И в царстве холода и снега,

Душою немощен и слаб,

О вероятности побега

Подумает усталый раб.

Постой и задержи дыханье,

Мгновение останови,

И смутное воспоминанье

В твоей затеплится крови.

И жизни собственной дорога,

Разматываясь на лету,

Забрезжит, как явленье Бога,

И снова канет в темноту.

 

Таким образом, единый, складывавшийся на протяжении десятилетий "цикл" стихотворений и песен Городницкого о Пушкине, его окружении, эпохе характеризуется как эпической широтой – в освоении исторических примет того времени, подробностей частных судеб друзей поэта, так и глубиной лирического вчувствования в потаенные смыслы строк пушкинских произведений, порой тесно соотнесенных у Городницкого с экзистенцией его собственного лирического "я", с судьбами поэтов ХХ столетия.
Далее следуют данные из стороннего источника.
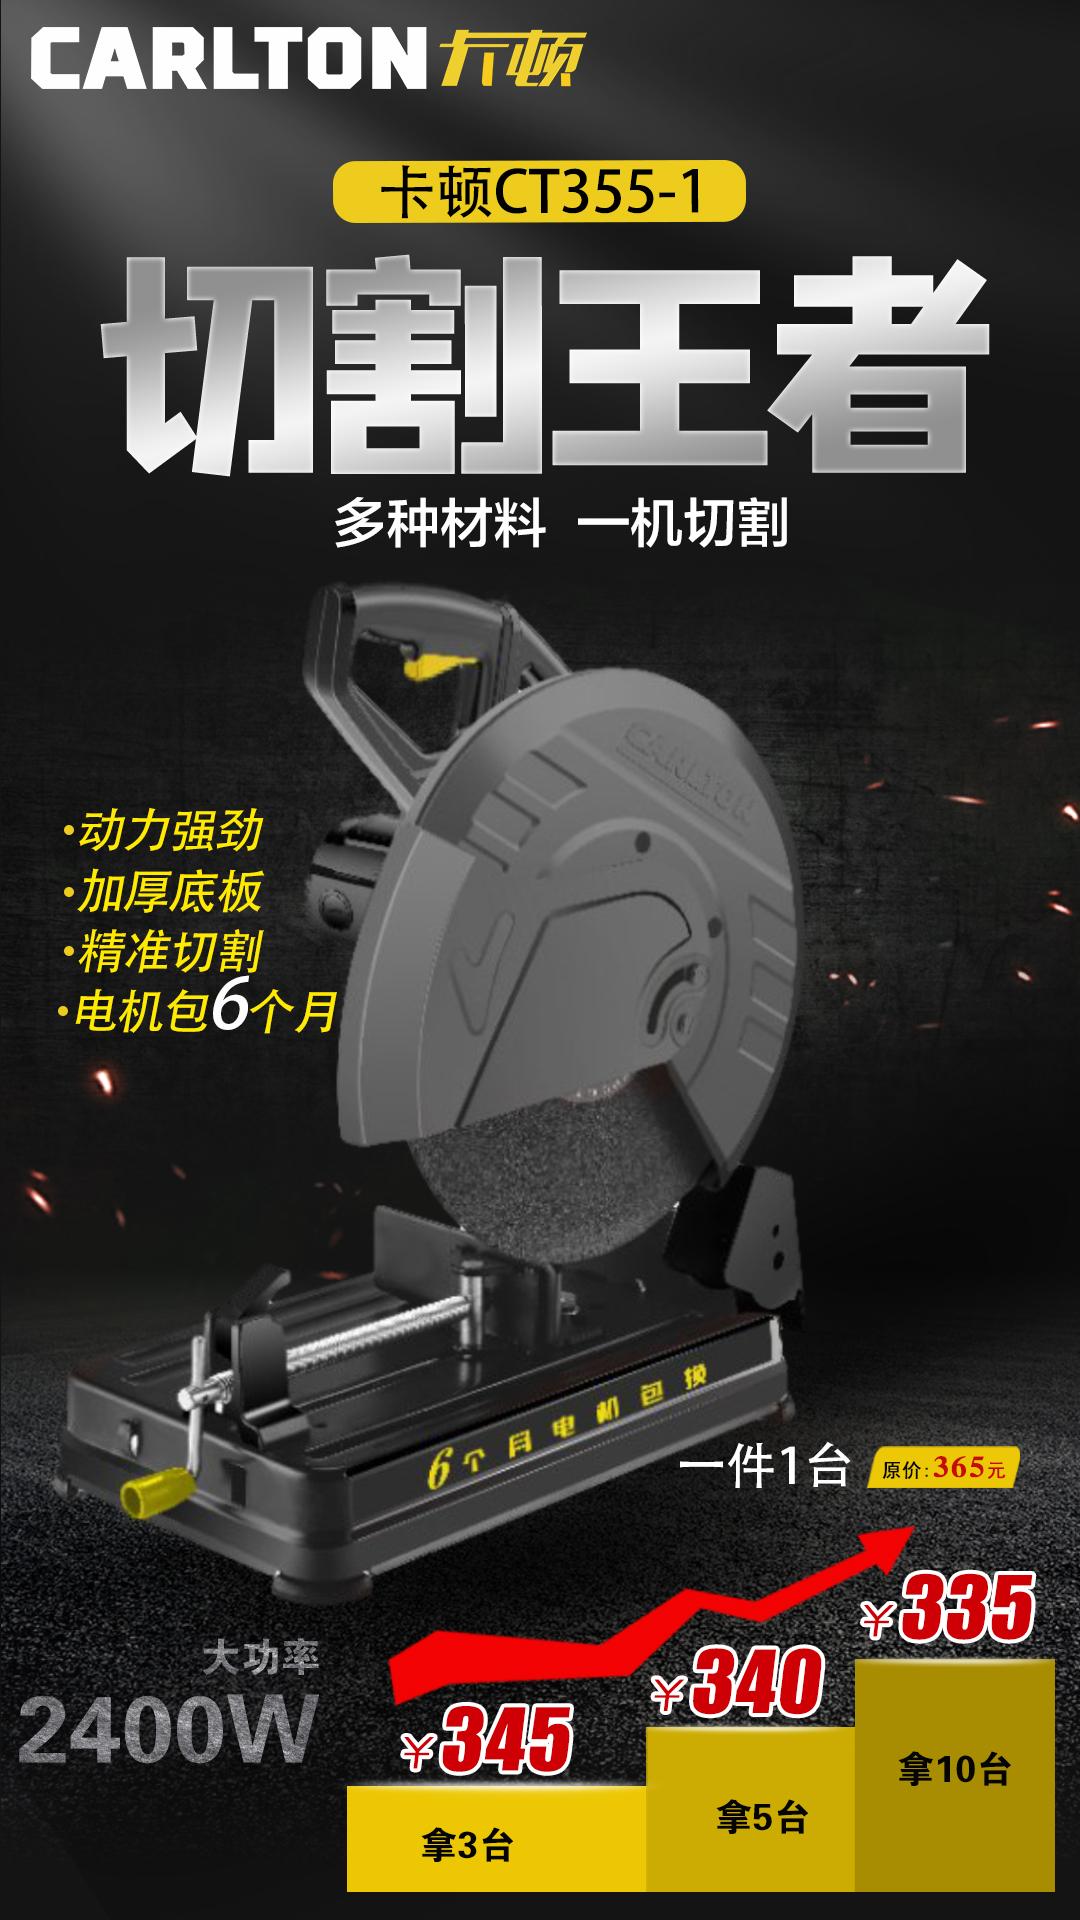 https://www.iruitai.com/system/upfiles/shop/article/06553866537760833.jpg

Развернутый поэтический образ эпохи Пушкина, ее потрясений спроецирован бардом и на размышления о трагических катаклизмах новейшей российской истории.

 

И по сей день часто исполняемые Городницким обращенные к Пушкину произведения органично вписываются в общий контекст творчества барда, в его самобытную песенно-поэтическую "историософию".

 

________________________________________

 

1. Соловьев В.С. Литературная критика. М.,1990. С.201, 203.

 

2. Франк С.Л. Светлая печаль // Пушкин в русской философской критике. М.,1990. С.474.

 

3. Городницкий А.М. И жить еще надежде... С.593.

 

4. См.: Друзья Пушкина: Переписка; Воспоминания; Дневники. В 2-х т. М.,1986. Т.1.С.